There are four general methods for getting data to/from a cluster.

Globus

Farm, Franklin, and Hive have Globus installed. Home directories for all three clusters are already exported. Because of the way Globus v5 works, each PI directory must be exported manually by HPCCF staff. If you need a PI directory exported, please contact HPC support and CC your PI for approval.

Once the PI group directory is exported, you will be able to read any file you normally have access to, but for security reasons, you will only be able to write files to /globus-write/Your-Login-ID/ within the Globus File Manager.

Home directories, and PI group directories can be access through the Globus File Manager. For home directories, search for a collection named UC Davis CLUSTERNAME home. For PI group directories, search for UC Davis CLUSTERNAME PI-name.

Globus Free File Transfer limitations

HPCCF does not have a paid subscription for Globus, and uses the Free File Transfer…for users at non-profit research institutions tier. This means you either need to have a login on both ends of the transfer, or the remote end must have the paid version.

Command-line tools

scp — OpenSSH secure file copy

If you only need to move a single file, or a small directory, scp will work well. From your desktop/laptop you can push, or pull, file(s) and/or directories.

To push a file, you specify the source from your local system, and the destination on a cluster:

scp -rp local-file local-directory/ UCD-Login-ID@CLUSTERNAME.hpc.ucdavis.edu:

To pull a file from a cluster to your local machine:

scp -rp UCD-Login-ID@CLUSTERNAME.hpc.ucdavis.edu:location/on/cluster .

The final . will put the files/directories into the current directory.

scp arguments:

  • -r Recursively copy entire directories. Note that scp follows symbolic links encountered in the tree traversal.

  • -p Preserves modification times, access times, and file mode bits from the source file.

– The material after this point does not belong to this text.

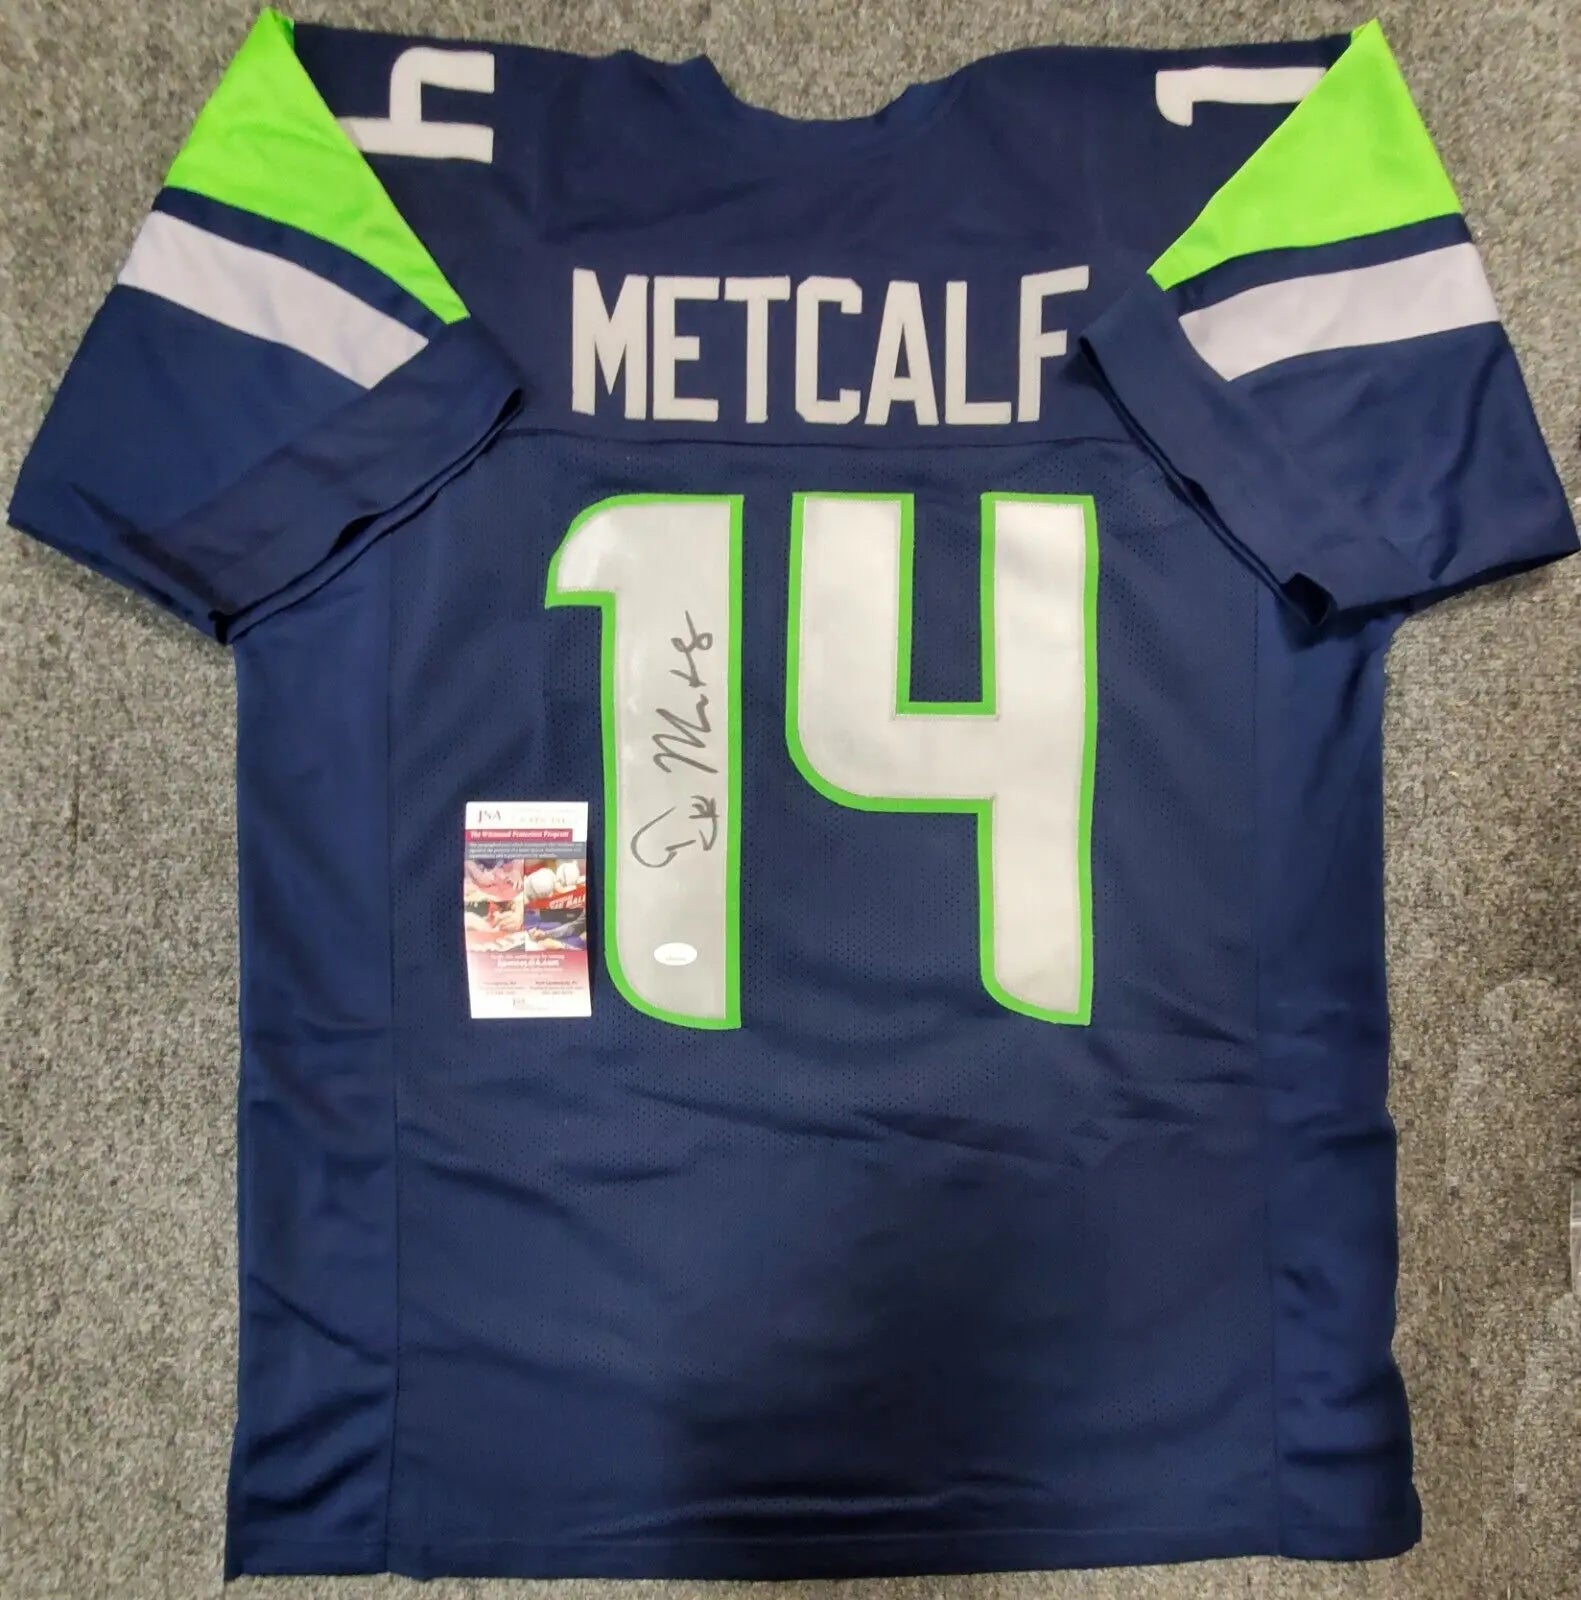 DK Metcalf NFL Jerseys, NFL Kit, NFL Uniforms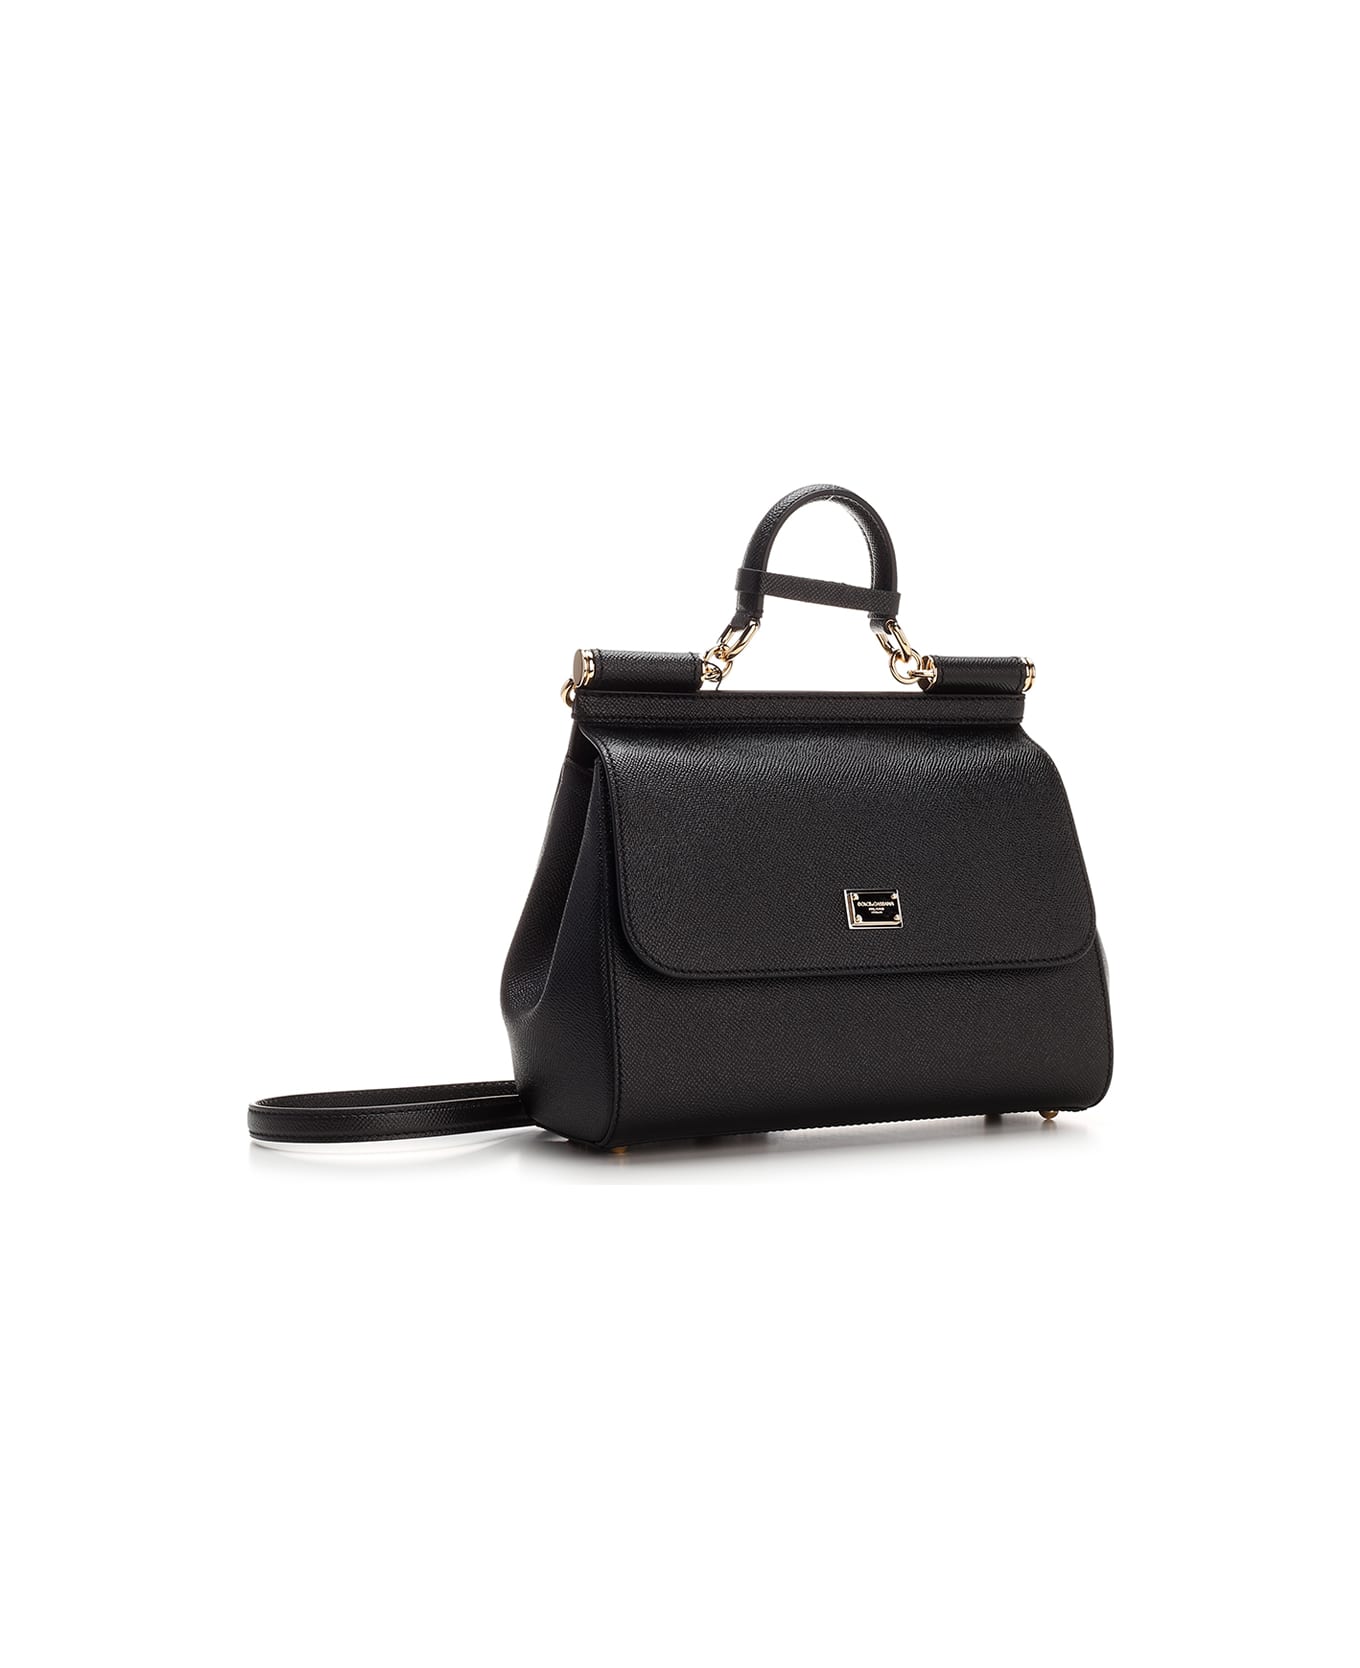 Dolce & Gabbana Medium 'sicily' Handbag - Nero トートバッグ

See man scp for the full manual.

rsync - a fast, versatile, remote (and local) file-copying tool

From the rsync manual:

Rsync is a fast and extraordinarily versatile file copying tool. It can copy locally, to/from another host over any remote shell, or to/from a remote rsync daemon. It offers a large number of options that control every aspect of its behavior and permit very flexible specification of the set of files to be copied. It is famous for its delta-transfer algorithm, which reduces the amount of data sent over the network by sending only the differences between the source files and the existing files in the destination. Rsync is widely used for backups and mirroring and as an improved copy command for everyday use.

Like scp, rsync can operate in a push, or a pull, mode, depending on which arguments you put first. To use rsync to copy files from your local system, to a cluster, preserving permissions, ownership, and file times, you can use the following command.

rsync --archive --one-file-system --info=progress2 local-directory/ UCD-LOGIN-ID@CLUSTERNAME.hpc.ucdavis.edu:~/destination/

To pull a directory from a cluster to your local machine:

rsync --archive --one-file-system --info=progress2 UCD-LOGIN-ID@CLUSTERNAME.hpc.ucdavis.edu:~/remote-directory/ local-directory/

Explanation of options:

  • --archive preserves symbolic links, permissions, ownership, file timestamps, and recursively copies directories.
  • --one-file-system don't cross filesystem boundaries.
  • --info=progress2 show reasonable progress as rsync processes files.

Note: the trailing / is critical on both the source and the destination, otherwise the files will not end up in the location you are expecting.

If you want to make the destination directory exactly the same as the source directory, i.e., delete files in the destination directory that do not exist on the source, you can add the --delete-after argument to rsync.

  • --delete-during: Deletes files on the destination that are not present on the source.
PERMANENT DATA LOSS

If you add the --delete-after argument to rsync, but use the wrong source or destination directory in the rsync command, YOU MAY CAUSE PERMANENT DATA LOSS on the destination side. Please be extra cautious when having rsync delete files.

As always, see man rsync for the manual.

Open OnDemand

For clusters that have Open OnDemand, you can copy files to/from your home directory. Log in to the OnDemand dashboard for the cluster, and select Files -> Home Directory. Files larger than a couple hundred megabytes will fail to transfer through OnDemand, so you will need to use a different method.

GUI tools

GUI tools do exist to help with file transfer. However, HPCCF cannot provide support for them, so you will need to contact your local IT support, or make an appointment with DataLab for help.

  • Filezilla is a multi-platform client commonly used to transfer data to and from the cluster.

  • Cyberduck is another popular file transfer client for Mac or Windows computers.

  • WinSCP is Windows-only file transfer software.